Bitcoin entered April on firmer footing, but the recovery is heading straight into a macro test that could decide whether this move has legs. Traders are now wondering whether waning war fears can continue to lift risky assets, or whether the Fed’s next signal will undermine that recovery.
The Bitcoin price started back above $68,000 in April, following an aid meeting in late March tied to hopes that the war in Iran could move toward de-escalation.
According to Crypto Slates Data shows the flagship digital asset rose more than 3% to $69,170 over the past 24 hours, before retreating to around $68,456 at the time of writing. Investors were considering whether the rebound marked the start of a more lasting recovery or just temporary relief from a tough first quarter.
The recovery followed a rapid shift in broader market sentiment.

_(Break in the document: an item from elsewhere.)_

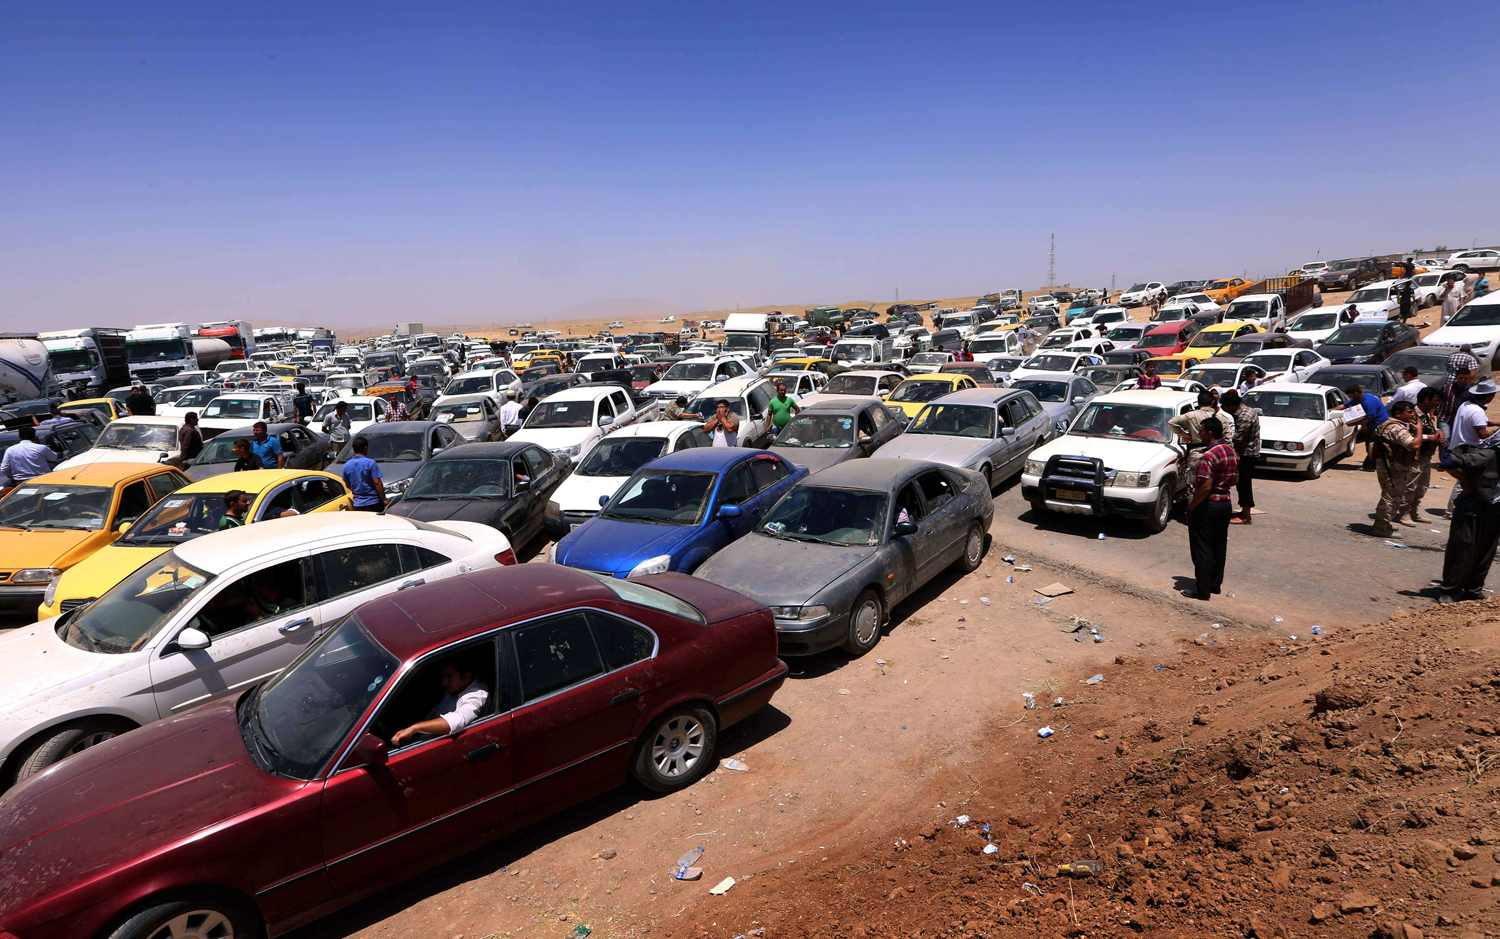 Iraqis fleeing violence in Nineveh province wait in their vehicles at a Kurdish checkpoint in Aski Kalak, 25 miles west of Arbil, the capital of the autonomous Kurdish region of northern Iraq, on June 10, 2014. (Safin Hamed—AFP/Getty Images)

Reuters reported that oil prices fluctuated sharply after media reports said Iranian President Masoud Pezeshkian was willing to end the war if Tehran received guarantees, while US President Donald Trump said Washington could end the conflict within weeks.
Why this is important: Bitcoin responds to crypto-specific flows, but also trades against a macro backdrop where oil, inflation expectations and Fed timing are pulling in opposite directions. That tension makes even a strong start in April vulnerable to a rapid weakening if policymakers signal less willingness to relax.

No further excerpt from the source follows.